鄭秋陽強這么多,反而連趙平安一招都沒扛住,有假吧!難道鄭秋陽上來只是配合趙平安演戲的。
可演戲也不能這么逼真,被人掐著脖子提起來,堅持不了幾分鐘就得喪命。
好在趙平安并沒有取他性命,只是將他提起來,抬手又在左臉給了一巴掌,使得他的豬頭臉快速平衡,便松手讓鄭秋陽癱倒在地,足有一分多鐘才咳嗽幾聲緩過勁來。
“……”保安們傻眼了,沒想到趙平安這么兇狠,前后不到兩分鐘鐘,強大的鄭秋陽便成了落敗,他們連上前助陣的機會都沒有。
“瘋了,徹底瘋了,連鄭少也敢打。”
“這里可是皇朝大酒店,打人家總經理,你還有命離開嗎?”
“鄭家可是幾百億大家族,這下捅馬蜂窩了,看你還囂張什么?”于仙兒等人驚恐之余又心存僥幸,賣力鼓噪起來。
讓酒店保安更是緊張,將包廂圍得里三層外三層,好在趙平安并沒有阻止他們救援鄭秋陽,將鄭秋陽拖進人群,這才緩過神來。
“快請求增援,讓家里派人過來。”
“不!我親自給老爸打電話,只有他來才行。”鄭秋陽驚魂未定的叫嚷,從來沒敗得這么慘。
早知道趙平安這么強大,他才不趟這渾水,徐堅雖然巴結他多年,給他的好處也有幾千萬,可跟小命比起來遠遠不夠。
鄭秋陽臉脹痛得厲害,喉嚨更是被掐得冒煙,電話接通后嘶啞著聲音求援:“爸……爸爸……是我……是我秋陽……我被人打了……嗚嗚嗚,說話都痛……”
電話那邊鄭蒼海正在跟省城來的藥商談購買珍稀靈藥的事,要不是看到手機號碼是兒子的,根本聽不出來對面是誰。
半天才依稀聽出來像是鄭秋陽,頓時又氣又急叫道:“誰敢打你,不知道你是我鄭蒼海的兒子,現在鄭家我說了算?”
“爸爸……嗚嗚嗚……他是個小年輕……好像叫趙平安……”鄭秋陽支吾著說。
聽到小年輕時,鄭蒼海心就咯噔一下感覺不妙,等聽到趙平安兩個字時,更是嚇得魂都掉了。
最近這幾天如此風光,可都是托趙平安的福,趙平安滅了鄭家核心成員,讓他一躍成為鄭氏集團總管。這些天接受鄭家產業,要多風光有多風光。
他自然更明白,趙平安能給他這些,更能輕易剝奪這一切。

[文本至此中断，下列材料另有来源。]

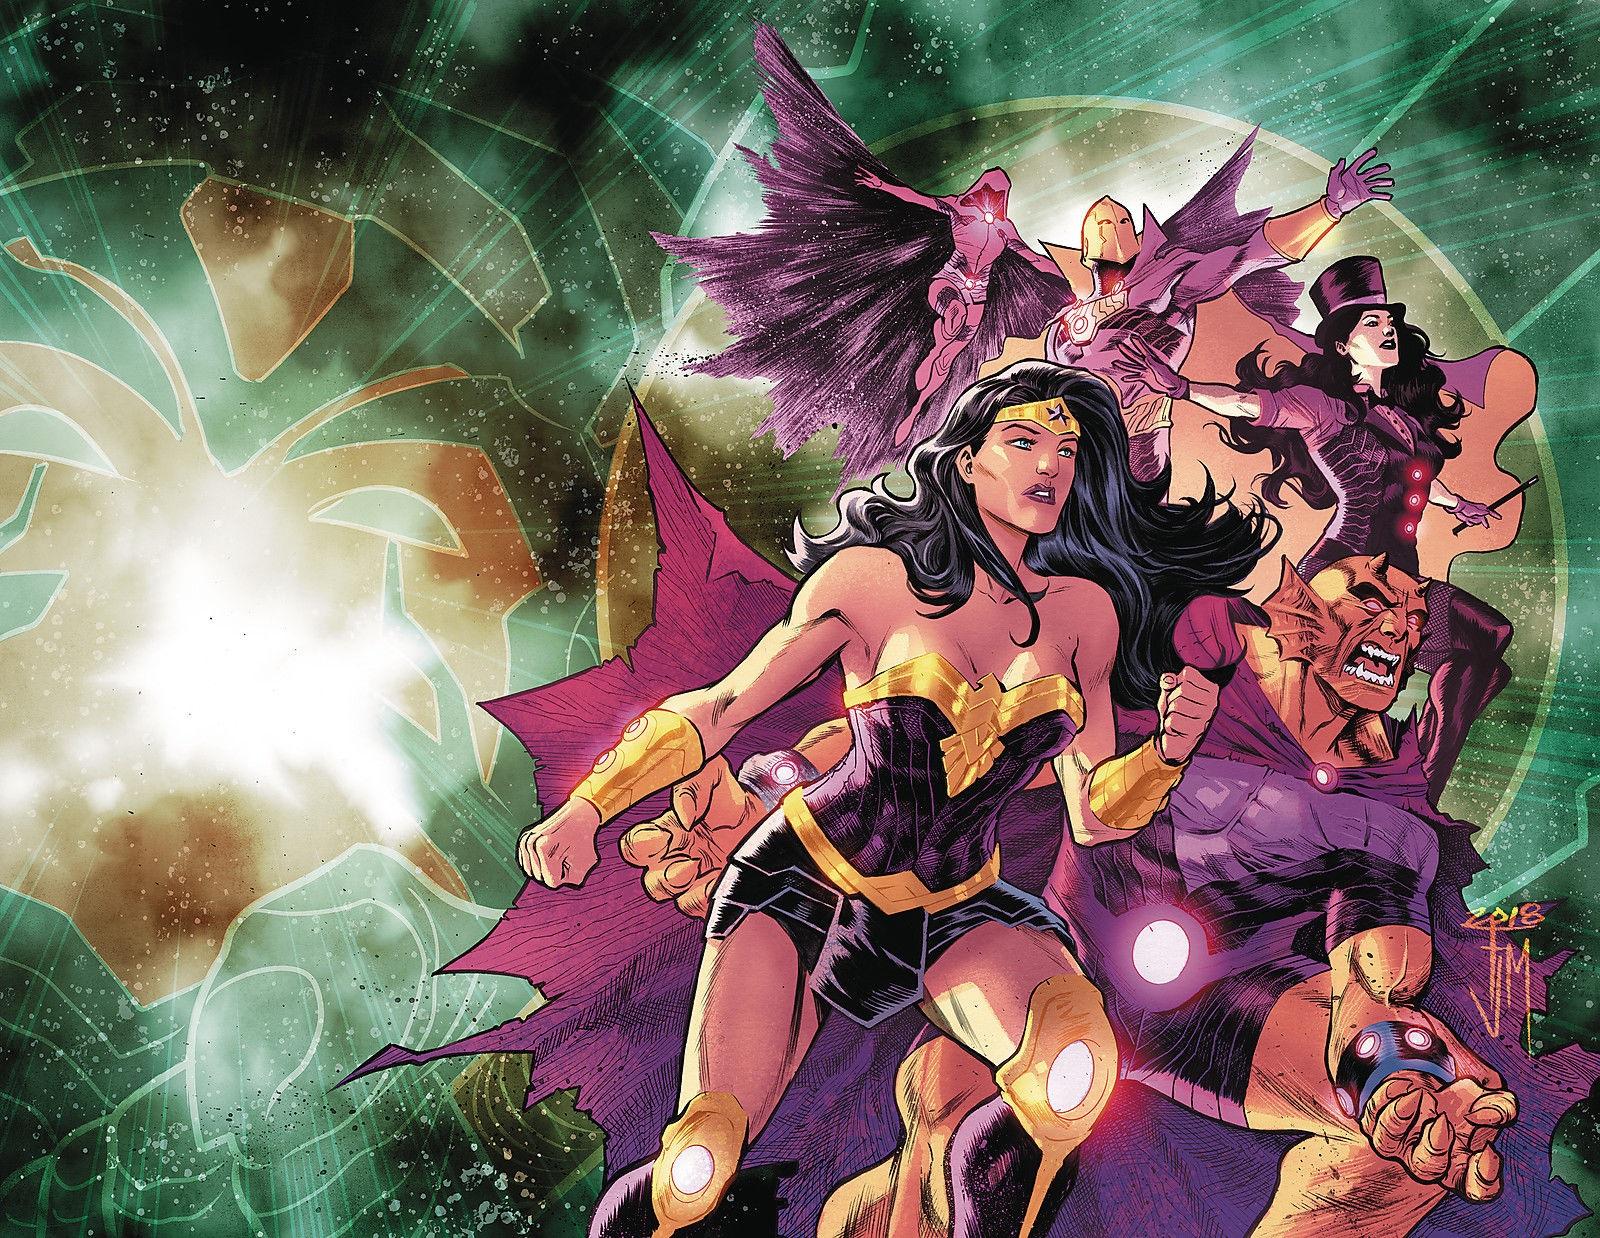 Justice League: Team Wonder

他所有的權勢和依仗都在趙平安這邊,只有對他絕對的忠誠,盡心為他做事才能長久擁有這一切。
偏偏自己的兒子這出岔子,趙平安到皇朝大酒店非但不知道趁機巴結,反而得罪了人家。
他可不管趙平安干嘛打鄭秋陽,就是殺了鄭秋陽也無所謂,只知道趙平安不能得罪,惹怒他的后果很嚴重,鄭家因此快死絕了。
“你你你……趕緊給主……他道歉,求得他的原諒,如果他不原諒你,怎么懲罰你都要接著,趕緊道歉!”
鄭蒼海急切大叫,早知道鄭秋陽這么混賬,剛出生就掐死算了,省得連累自己。
“……向他道歉……為什么……他是誰啊?”鄭秋陽一臉不理解。